Evaluating the definite integral $\int_{-1}^1 \lfloor \arccos x \rfloor \,dx$ involving the greatest integer function 
Evaluating the definite integral $$\int_{-1}^1 \lfloor \arccos x \rfloor \,dx .$$

I tried it but unable to do as it is discontinuous.
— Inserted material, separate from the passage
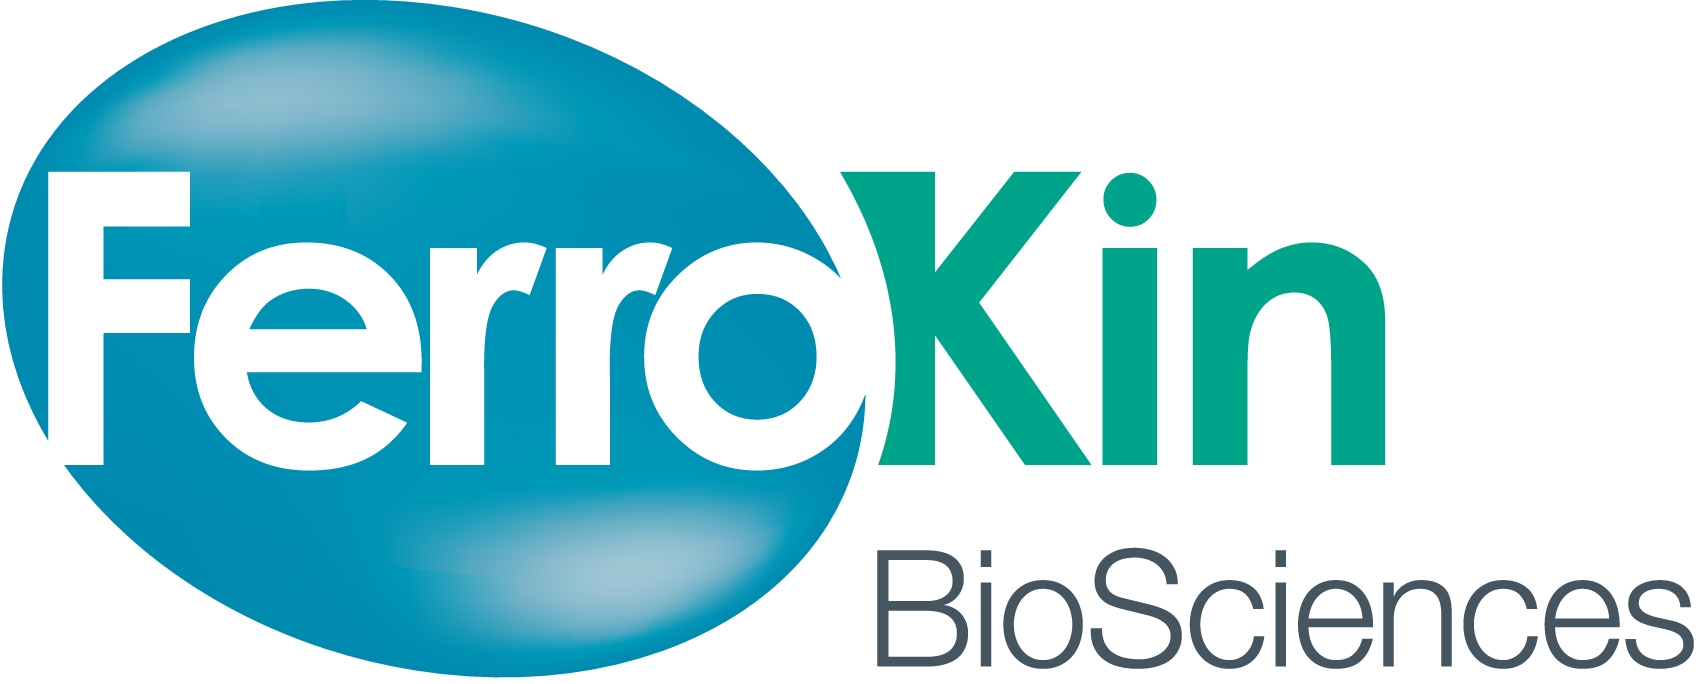 FerroKin BioSciences, Inc. Logo
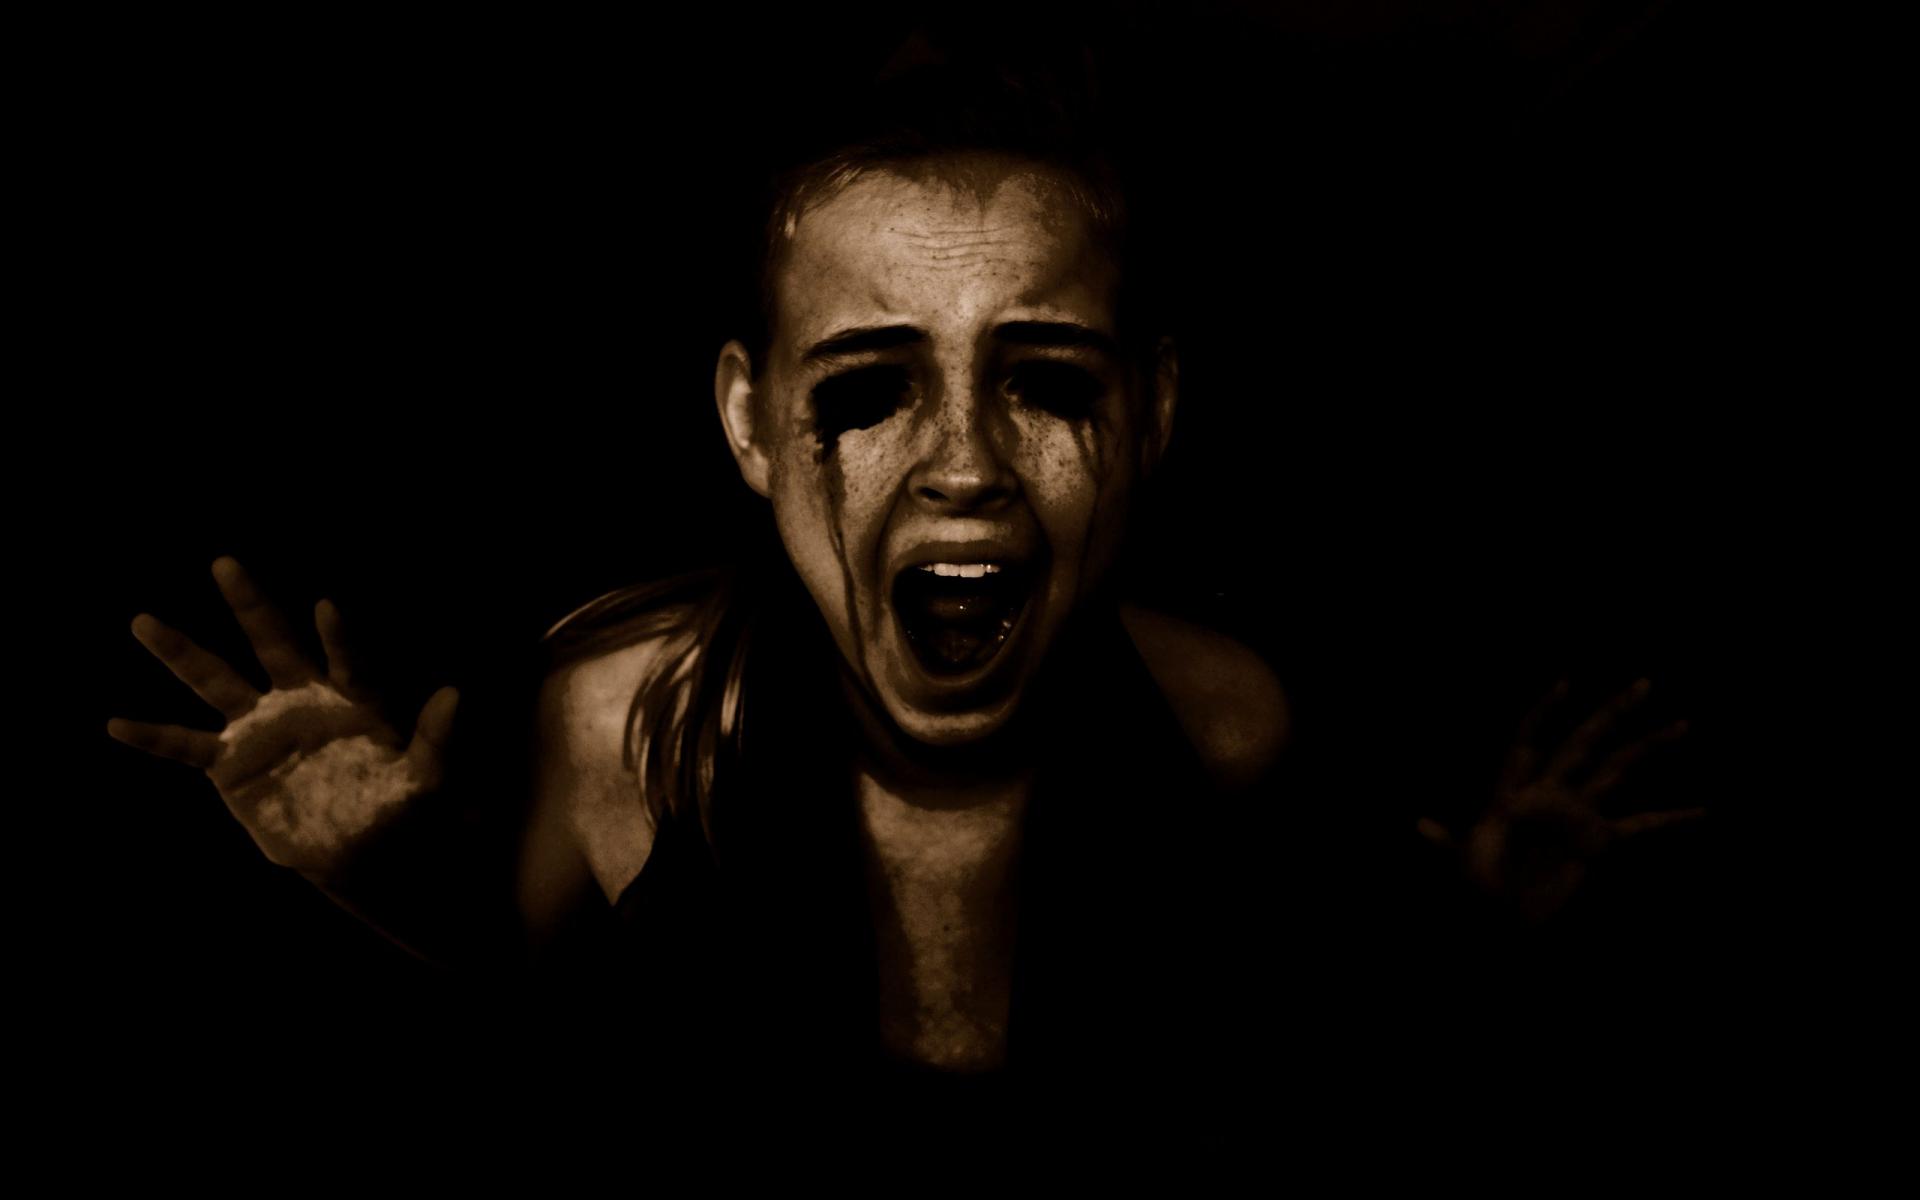 Dark Horror Evil Scary Creepy Spooky Halloween Women Girls Blood

Somebody told me that you should do this by drawing graph---how?
Can anybody please give me the start?

 A: Hint:
Use that arccosine is  a decreasing function, and that $\arccos(cos x)=x$ if $0\le x\le \pi$. Hence $f(x)=\lfloor\arccos x\rfloor$ is a step function, defined by:
$$f(x)=\begin{cases}3 &\text{if }\quad\!{-1}\le x\le\cos 3,\\2 &\text{if } \cos 3< x \le \cos 2, \\ 1  &\text{if } \cos 2< x\le \cos 1,\\ 0 &\text{if } \cos 1< x\le 1.\end{cases}$$
You should find $\enspace 3+\cos 1+\cos 2+\cos 3$.
A: In terms of indicator functions, $$\lfloor \arccos(x)\rfloor = 3\Bbb{1}_{[-1,b)} + 2\Bbb{1}_{[b,c)} + \Bbb{1}_{[c,d)}$$ where $b$, $c$ and $d$ are the points at which the $\arccos$ graph hits $3, 2$ and $1$ $$ \implies \int_{-1}^{1} \lfloor \arccos(x) \rfloor \text{ d}x \ = \  3(b+1) \Bbb{1}_{[-1,b)} + 2(c-b)\Bbb{1}_{[b,c)} + (d-c)\Bbb{1}_{[c,d)}$$

 If you haven't yet met the indicator function, $\Bbb{1}_{[a,b]}$ simply means that we take the value $1$ when $a \leqslant x \leqslant b$ and $0$ elsewhere i.e. $$ \Bbb{1}_{[a,b]} = \begin{cases} 1 & a \leqslant x \leqslant b \\ 0 & \text{ else} \end{cases} $$


In more plain English, your integral is simply a sum of the areas of rectangles of widths $b+1$, $c-b$ and $d-c$ with respective heights $3, 2$ and $1$.
All you gotta do is find $b, c$ and $d$. The graph's below if you wanna have a go first and compare afterwards!

 $\hskip1in$ 

A: The floor function creates a step function which can be rewritten as
$$\begin{cases}\begin{align}
[\cos\pi,\cos3]&\to3\\
(\cos3,\cos2]&\to2\\
(\cos2,\cos1]&\to1\\
(\cos1,\cos0]&\to0.\\
\end{align}\end{cases}$$
The the Riemann integral is the sum of the rectangle areas,
$$3(\cos3-\cos\pi)+2(\cos2-\cos3)+(\cos1-\cos2).$$